Tag Archives: writing

UWC updates! Readings, bookfairs, film launches, oh my!

Well, between getting by, eating food, singing in my undies, lying down and writing, sitting up and writing, swimming, and hanging out with the people I love, I’ve found myself involved in some exciting events that I would love to share with you. In order:

May 23, Montreal’s Anarchist Bookfair. I’ll be tabling all day. Some by, say hi, get your hands on a copy of the Underwater City Zine I.. got a fresh batch coming out of the oven, they’re professionally bound and everything! Also, will have a few hand made puzzles up for grabs:)

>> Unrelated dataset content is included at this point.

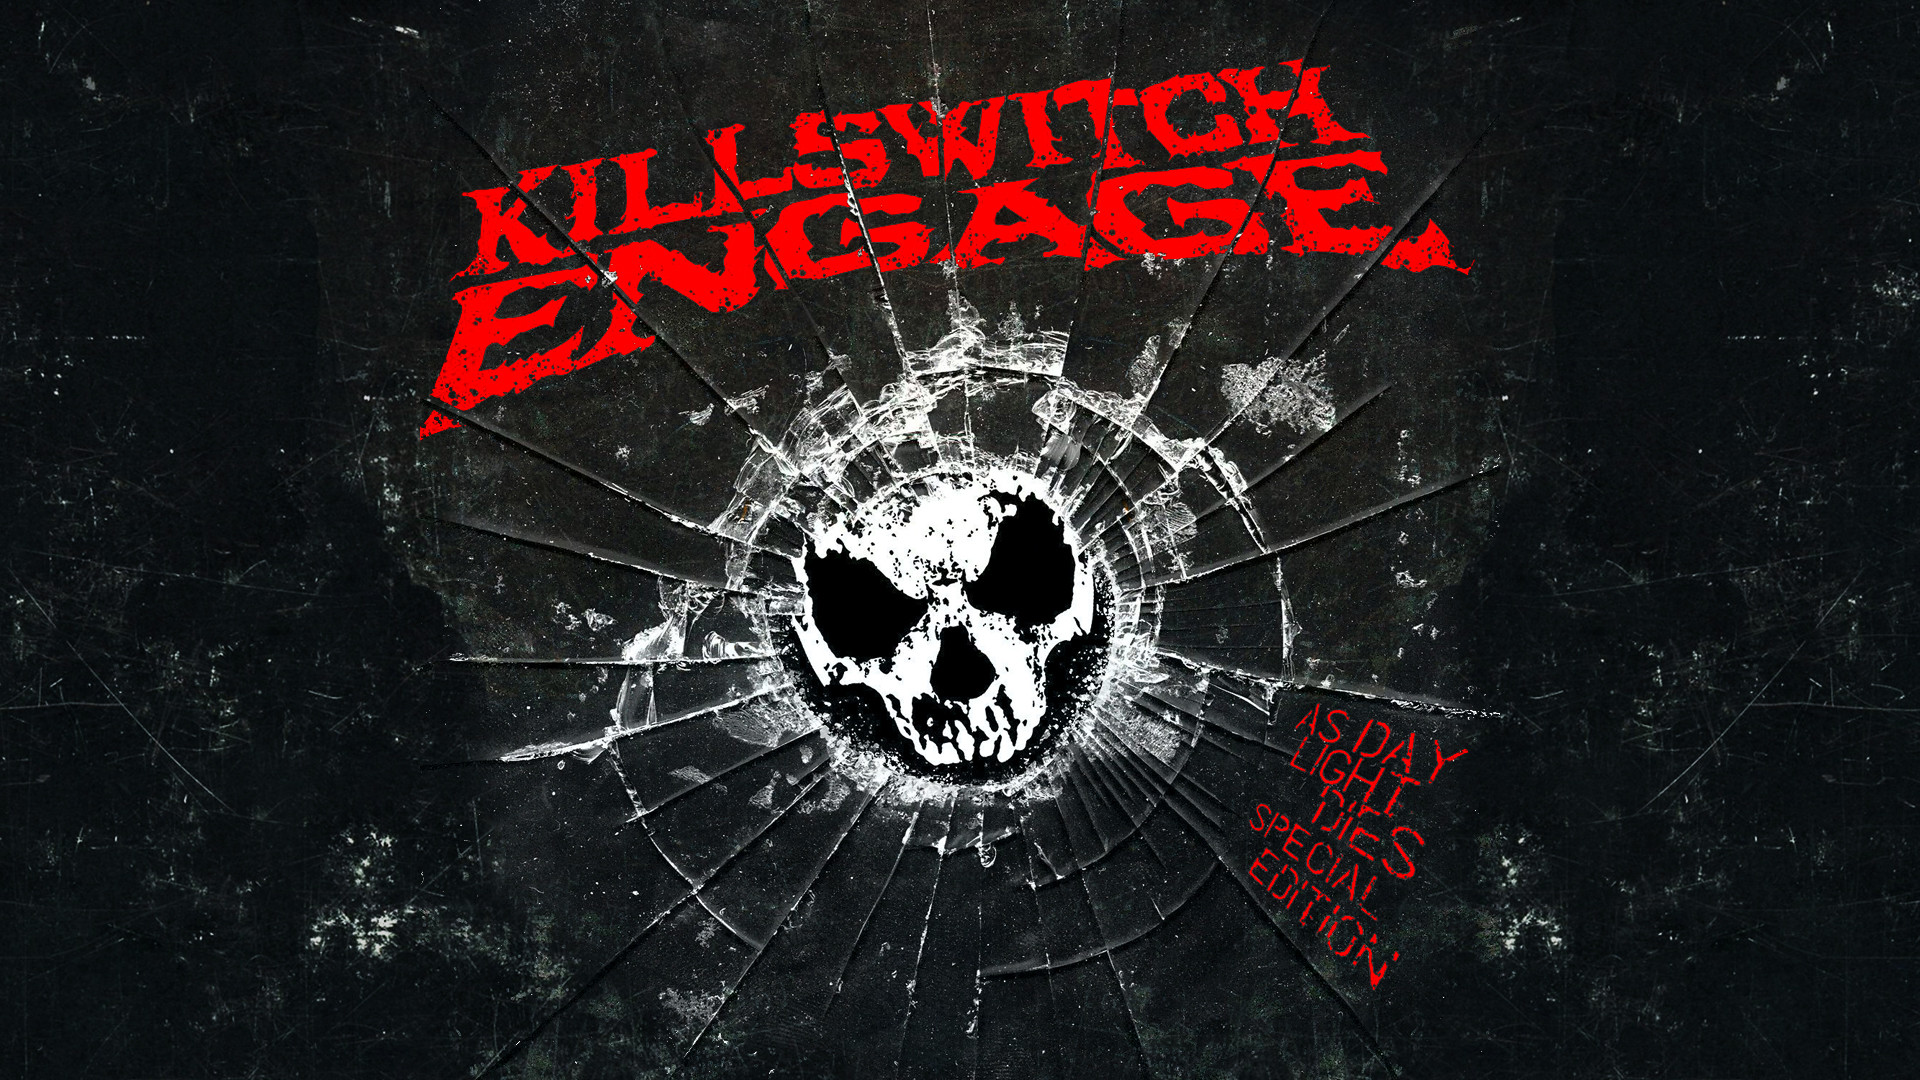 Killswitch Engage Wallpapers   Picseriocom 1920x1080

May 29, ACSEXE+ Film series launch and cocktail. 5 à 7, Maison du développement durable (50 Sainte Catherine west). This fabulous event will be the culmination of a lot of the work I’ve been doing lately. Three short videos featuring three people talking about sex-positivity and sharing tips for the crip community will be screened and a short discussion will follow. Then snacks, smoozing and social time. Yes yes yes! **L’evènement sera en français. Event will be in French, whisper translation into English will be available. Films sous-titré. Films closed-captioned in French at screening – will be posted online with closed captioning in French and English. Interpretation LSQ sera en place:)

June 10, Underwater City Launch, Edmonton! I’m excited about this, I’m going to do a reading and feature some local music at Cha Island Tea Shop, from 7 pm onward. Edmonton, let’s do adult story-time, I’d love to see you there!

September…. surprise Halifax zine launch and reading. Location and details to follow!!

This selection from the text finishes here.